Since mid-2008, a host of government actions have been implemented in response to the financial crisis and the recession. Some of the programs are beginning to expire and the impact of the wind-down of these programs on the financial sector and on the nascent economic recovery is unknown. As government support schemes are cancelled, changed or withdrawn, there is a possibility that we, as well as other financial institutions, may have insufficient access to, or incur higher costs associated with, funding alternatives, which could have a material adverse effect on our business, financial condition, results of operations and prospects. In particular, although pursuant to the Dodd-Frank Act certain non-interest bearing transaction accounts will be fully guaranteed by the FDIC for an unlimited amount of coverage through the end of 2012, some accounts currently covered under the voluntary Transaction Account Guarantee (“TAG”) program, such as Negotiable Order of Withdrawal (“NOW”) checking accounts, will not benefit from this coverage extension that takes effect upon the TAG program’s expiration on December 31, 2010. This change could adversely affect us, especially in light of the concerns about our financial viability. In addition, a stall in the economic recovery or continuation or worsening of current financial market conditions could exacerbate these effects.

Because of our participation in the Troubled Asset Relief Program (“TARP”), we are subject to restrictions on compensation paid to our executives, which may make it difficult to attract and retain key members of management.

Pursuant to the terms of the TARP Capital Purchase Program, we adopted certain standards for executive compensation and corporate governance for the period during which the Treasury owns any debt or equity securities acquired pursuant to the Exchange Agreement. These standards generally apply to our five most highly compensated senior executive officers, including our Chief Executive Officer and Chief Financial Officer, and certain of these restrictions also apply up to the next 20 most highly compensated senior executives. The standards include, among other things:

 

   

ensuring that incentive compensation for senior executives does not encourage unnecessary and excessive risks that threaten the value of the financial institution;

 

   

a required clawback of any bonus or incentive compensation paid to a senior executive officer or one of the next twenty most highly compensated employees based on statements of earnings, gains or other criteria that are later proven to be materially inaccurate;

 

   

a prohibition on making golden parachute payments to senior executive officers;

 

   

an agreement not to deduct for tax purposes annual compensation in excess of $500,000 for each senior executive officer; and

 

   

limitations on bonuses and incentive compensation.

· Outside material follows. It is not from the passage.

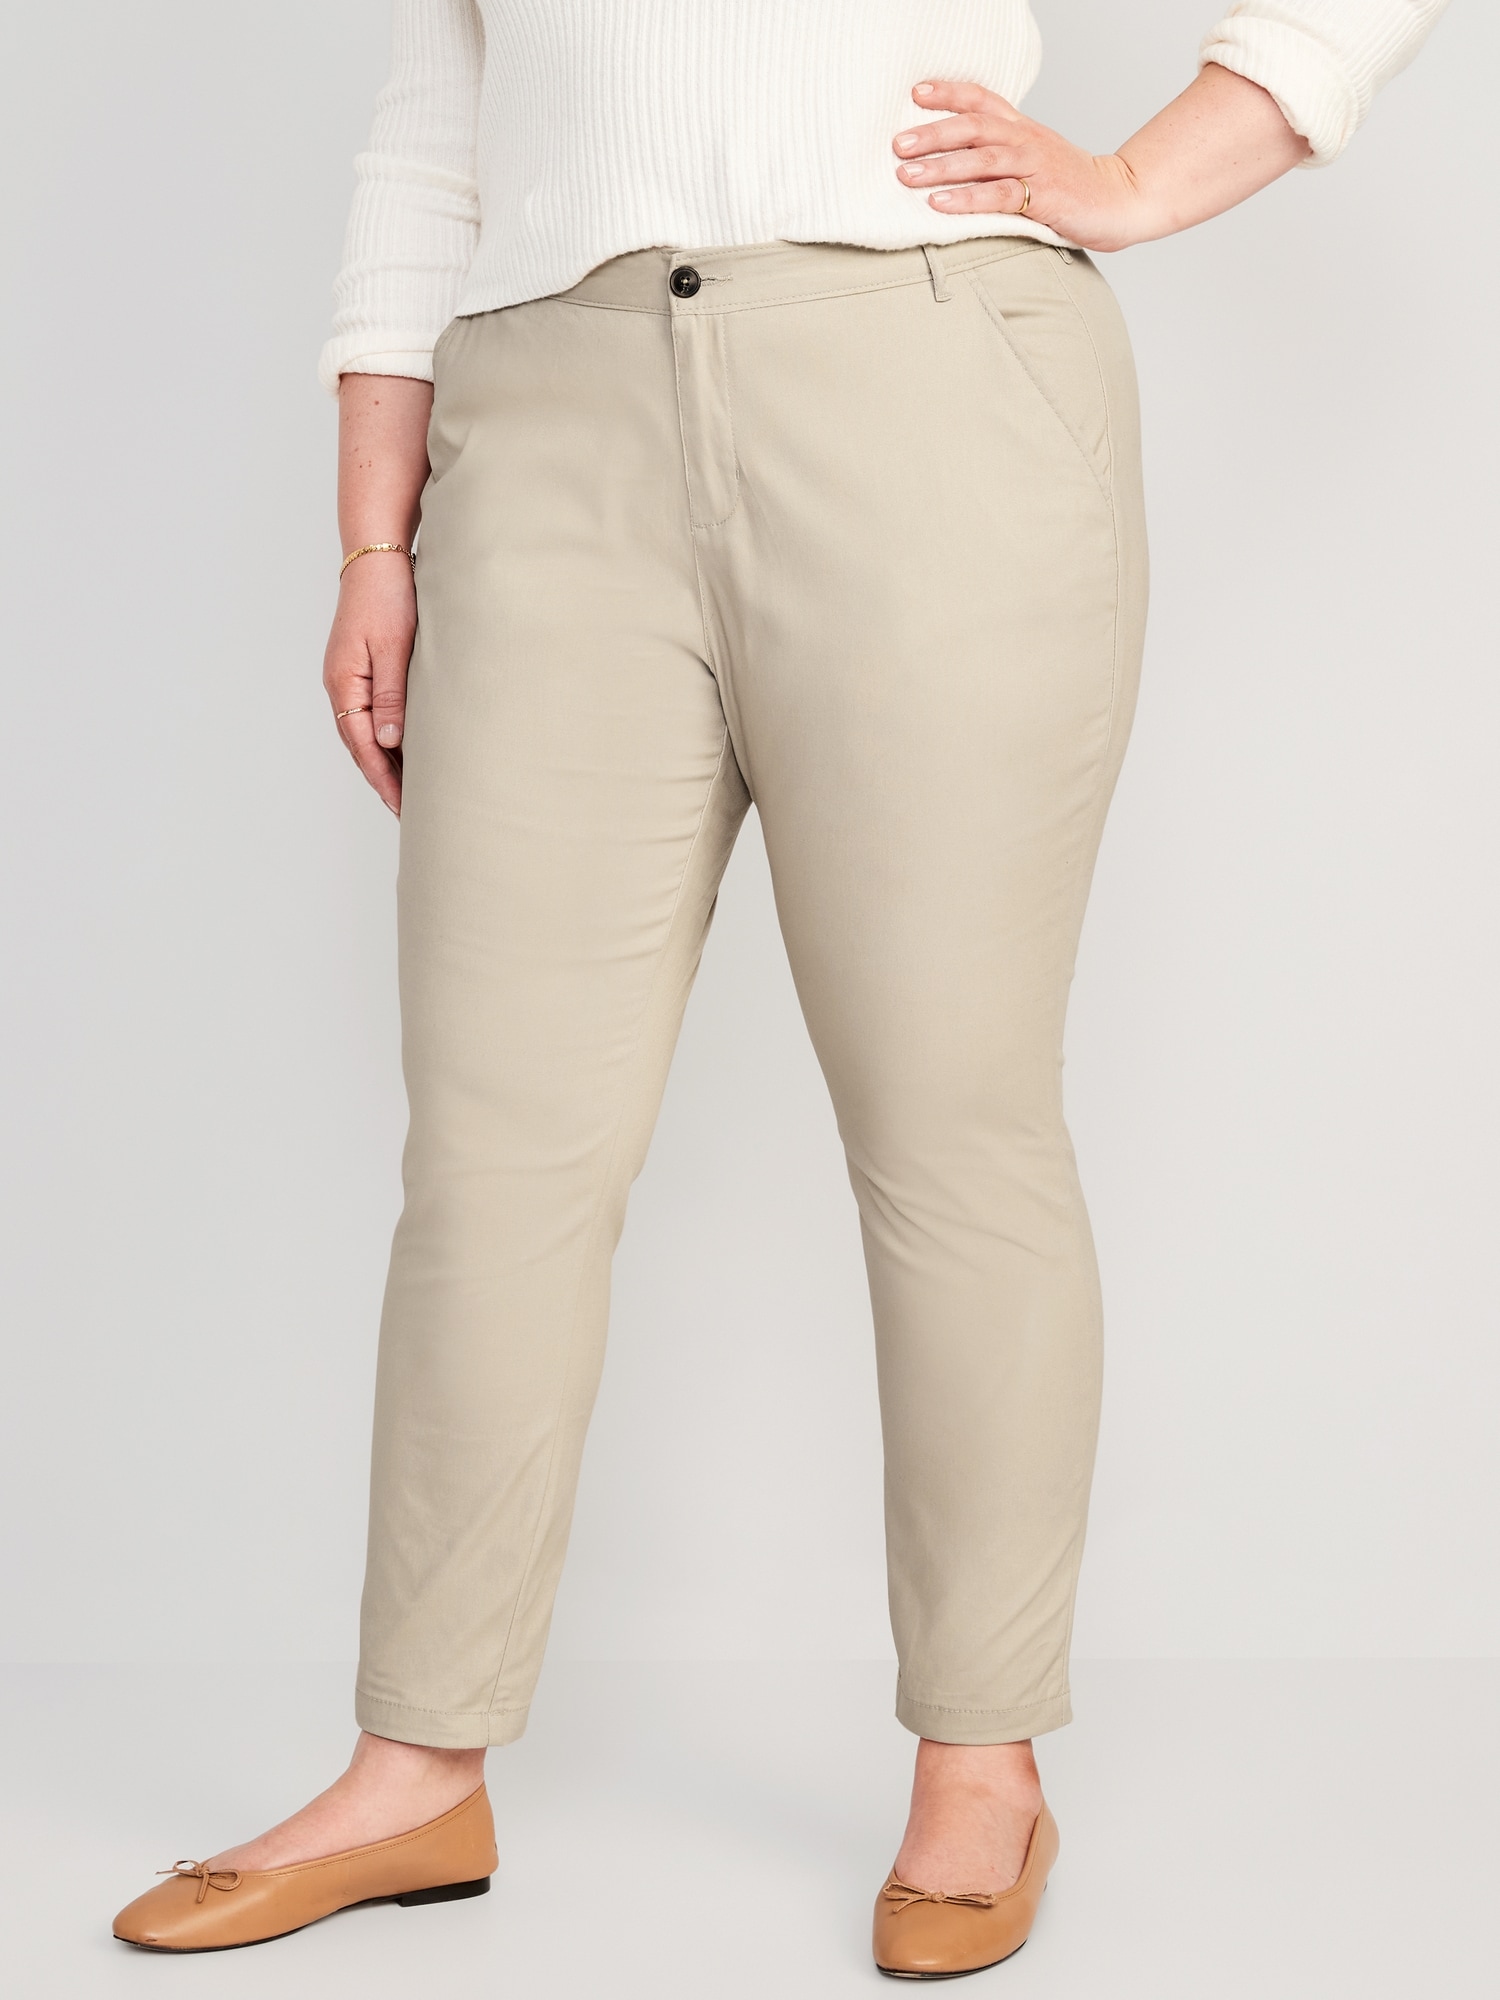 nsendm Pant Trousers Trousers Women's With Pockets Long Drawstring Summer  Bottoms Pants Dress Pants for Women Petite Pants Khaki X-Large - Walmart.com

We depend on the services of existing management to carry out our business and investment strategies. In order for us to implement our strategy to emphasize relationship banking, we will need to continue to attract and retain additional management and other qualified staff. Competition for such personnel is significant in our geographic market areas. The loss of the services of any management personnel, or the inability to recruit and retain qualified personnel in the future, could have an adverse effect on our results of operations, financial condition and prospects. In particular, the change to the deductibility limit on executive compensation may increase the overall cost of our compensation programs in future periods and may make it more difficult to attract suitable candidates to serve as executive officers. Further, the possibility of lawsuits from former and current executives may increase because of our inability to fulfill certain compensation arrangements that are now restricted under TARP.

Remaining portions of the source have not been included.